DATA SHOWN.
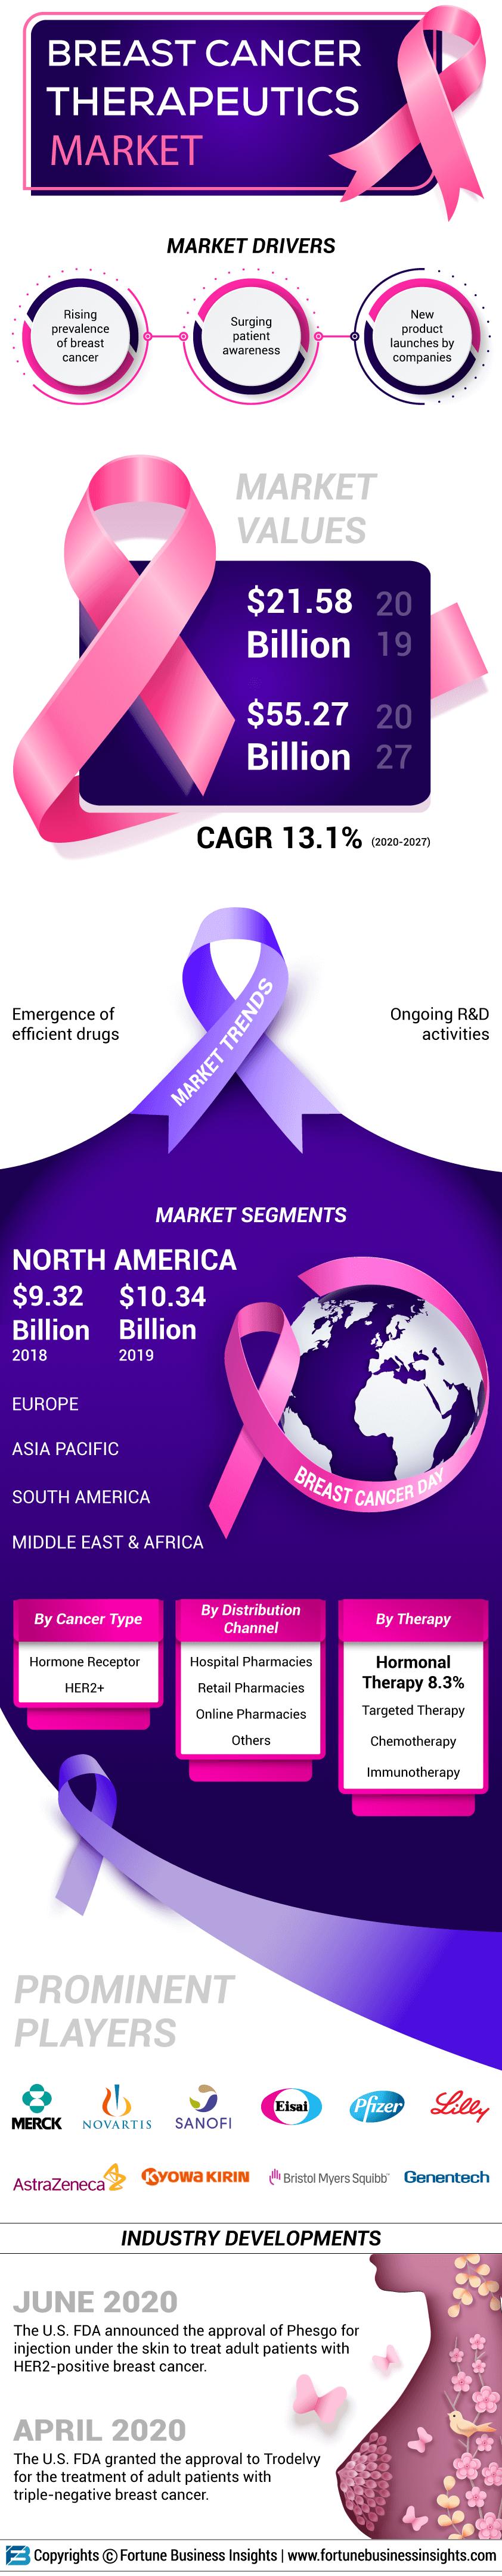 Breast Cancer Therapeutics Market
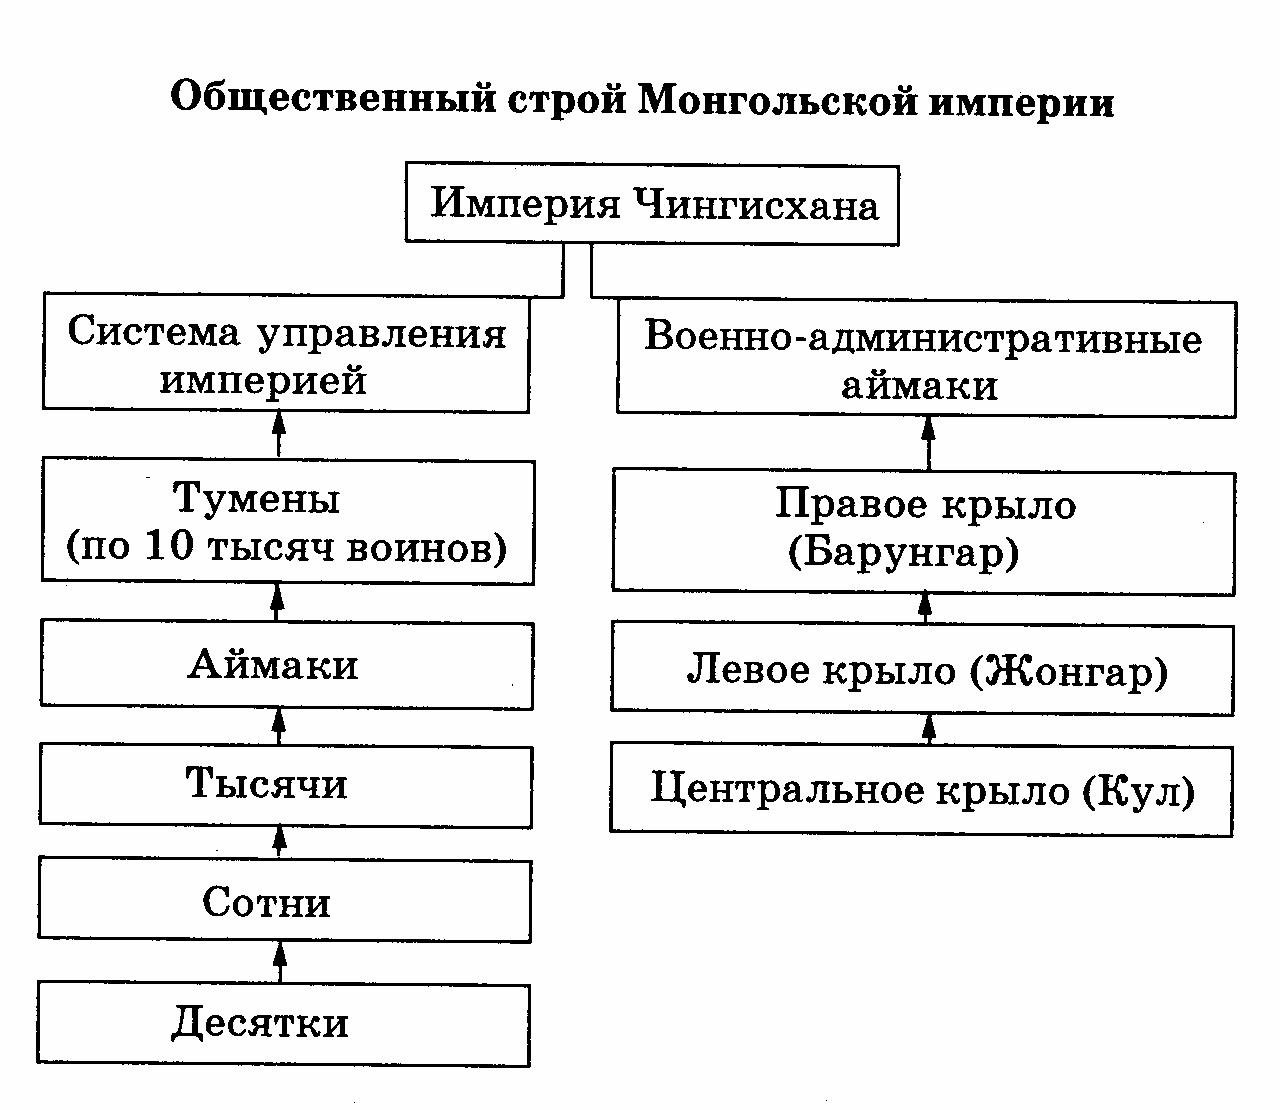 Поурочный план по истории казахстана 7 класс
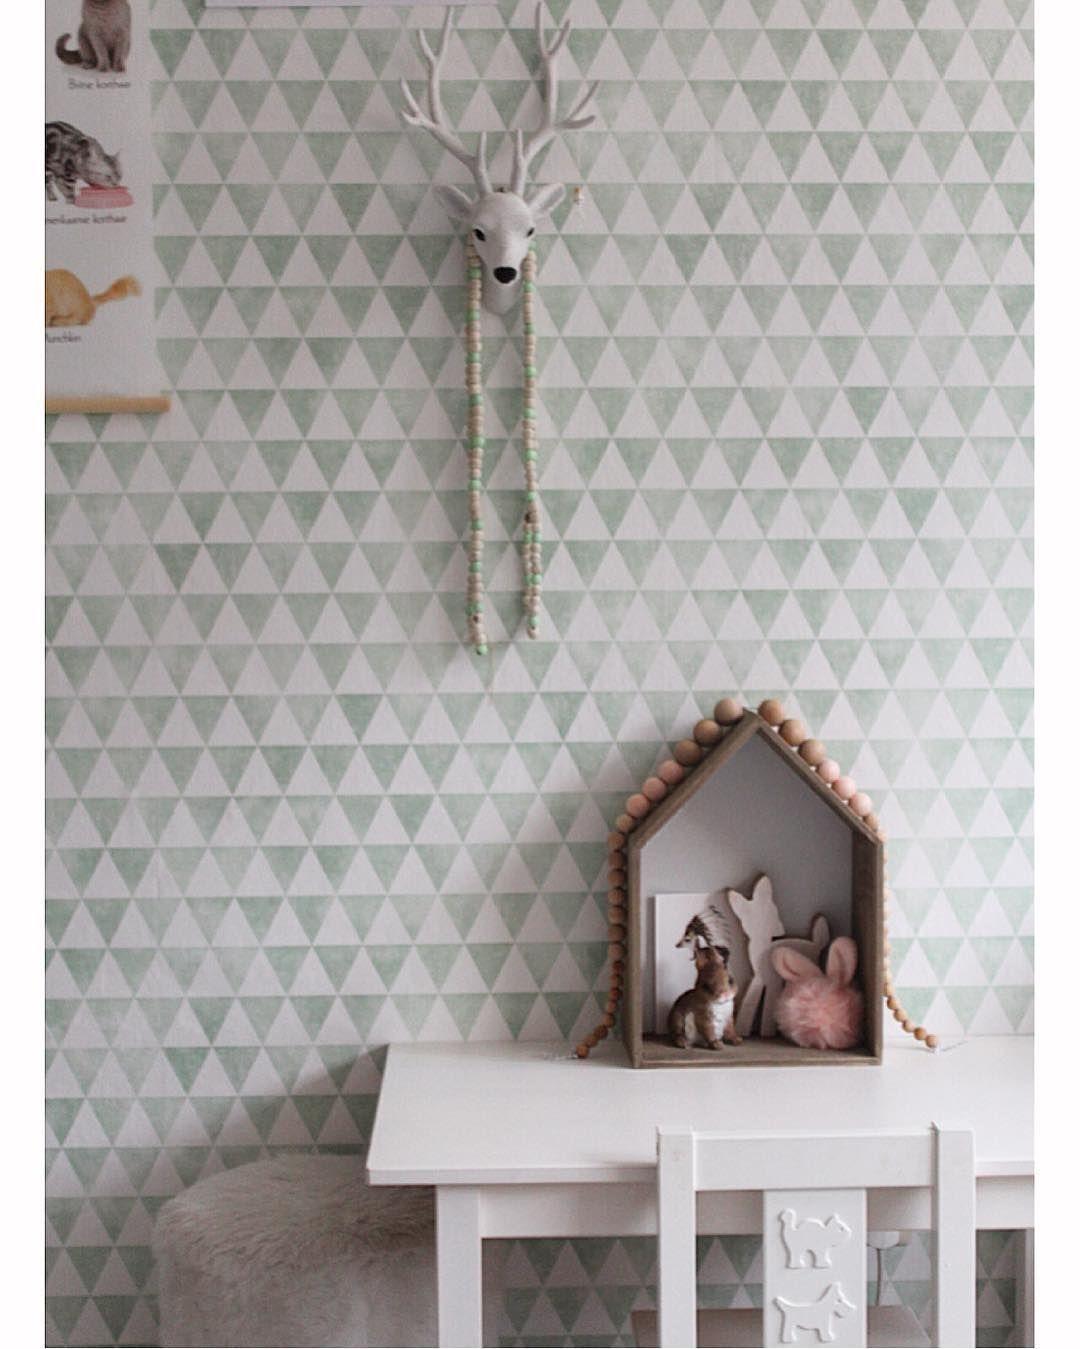 Colecci n papel pintado en la maison preg ntanos - Papel pintado la maison ...

INSTRUCTIONS TO FOLLOW. Copy the data in full. No pictures belong in the copy.

RESPONSE AREA.
 Breast Cancer Therapeutics Market
 Поурочный план по истории казахстана 7 класс
 Colecci n papel pintado en la maison preg ntanos - Papel pintado la maison ...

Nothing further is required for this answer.